Cluster C, heatmap representation of transcriptional regulators and sensory histidine kinases more abundant in SC than in SL in both Pi conditions.
Cluster D, heatmap representation of transcriptional regulators and sensory histidine kinases more abundant in Pi proficiency than in Pi limitation in SC. Cluster D that can be divided into 3 sub-clusters D1, D2 and D3. The 18 regulators of sub-cluster D1 were more abundant in Pi proficiency than in Pi limitation at both time points in SC but some of them were also abundant in Pi limitation at 48 h in SC. The 18 regulators of sub-cluster D2 were more abundant in Pi proficiency than in Pi limitation at both time points in SC but some of them were also abundant in Pi limitation at 60 h in SL. The 10 regulators of sub-cluster D3 were more abundant in Pi proficiency than in Pi limitation at both time points in SC but some of them were also abundant in Pi limitation at 60 h in SL.
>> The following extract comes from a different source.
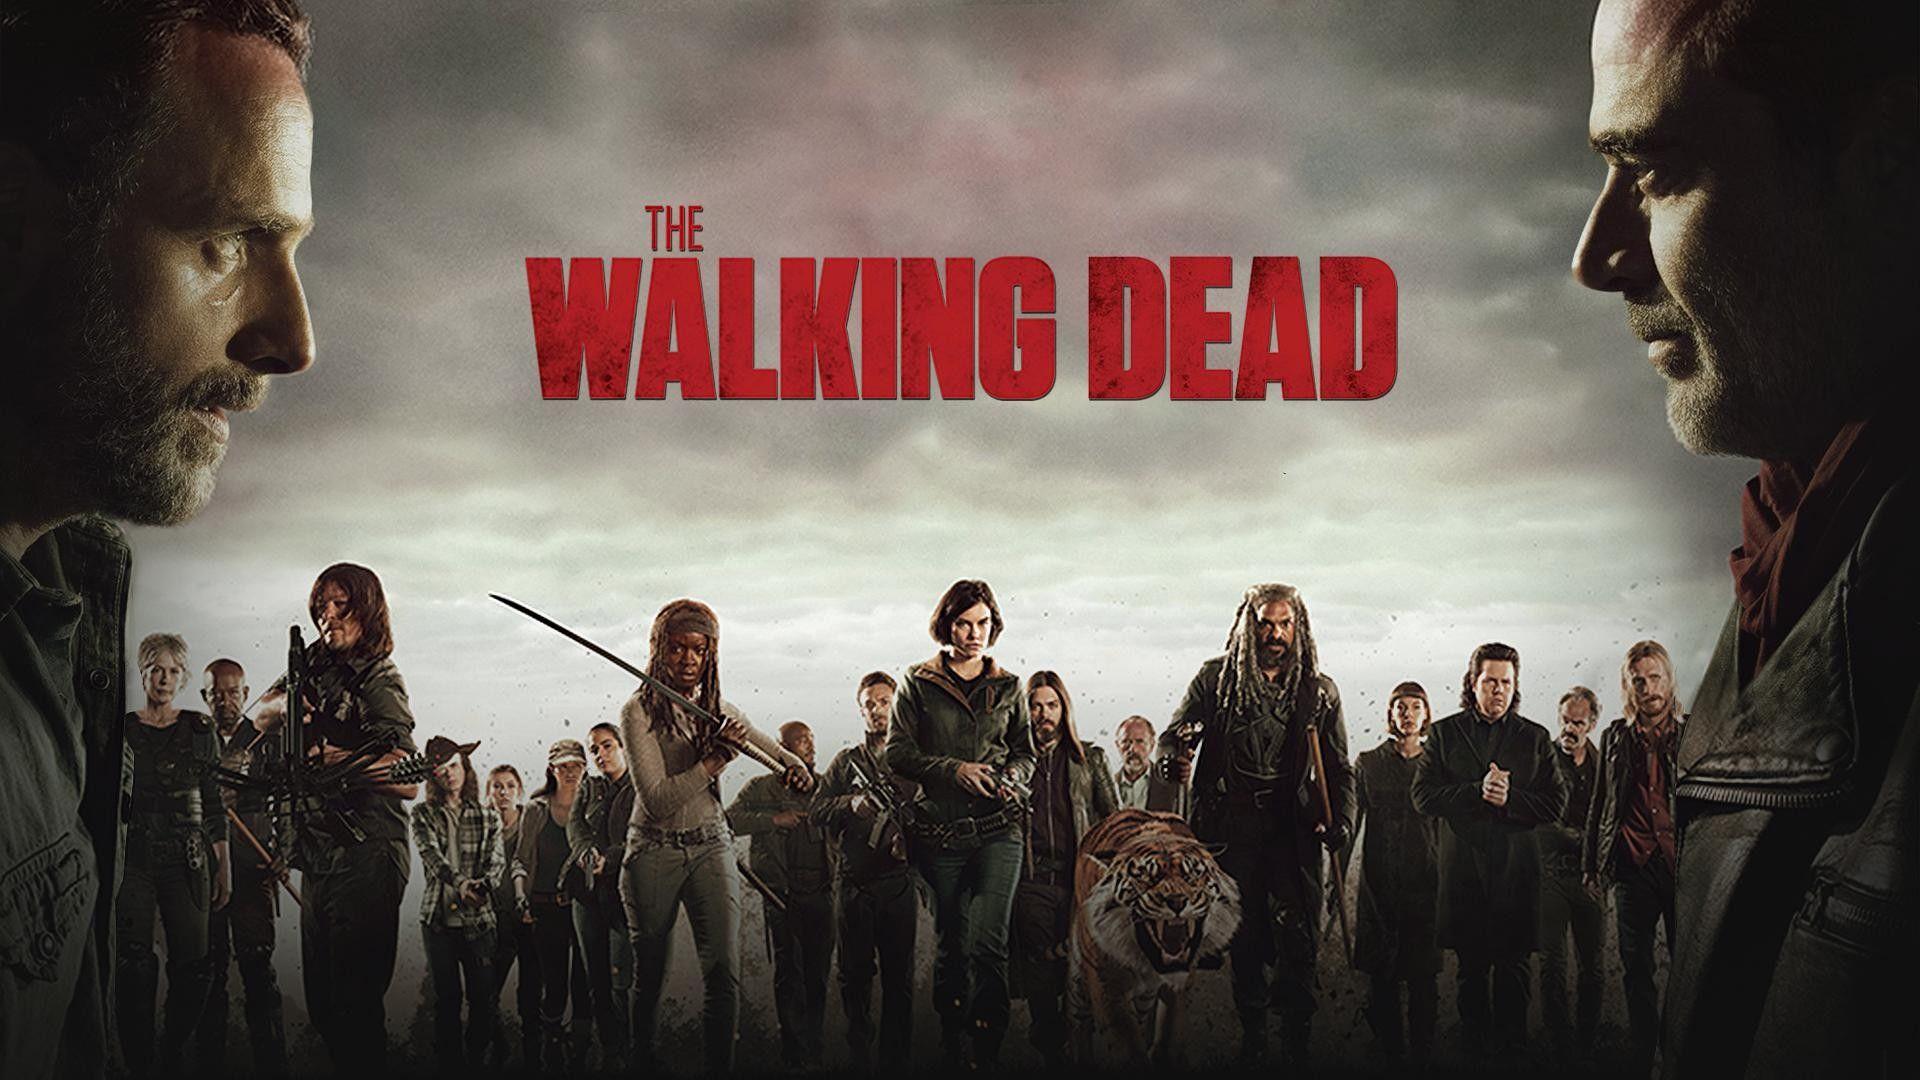 The Walking Dead 4k Wallpapers Top Free The Walking Dead 4k Backgrounds Wallpaperaccess

Cluster E, heatmap representation of transcriptional regulators and sensory histidine kinases more abundant in Pi limitation than in Pi proficiency in SC. Cluster E can be divided into 2 sub-clusters, E1 and E2. The 23 regulators of sub-cluster E1 were more abundant in Pi limitation than in Pi proficiency in SC but not in SL. The 7 regulators of sub-cluster E2 were more abundant in Pi limitation than in Pi proficiency in SC but were also abundant at 60 h in Pi proficiency in SL.
Cluster F, heatmap representation of transcriptional regulators and sensory histidine kinases more abundant in SL than in SC in both Pi conditions.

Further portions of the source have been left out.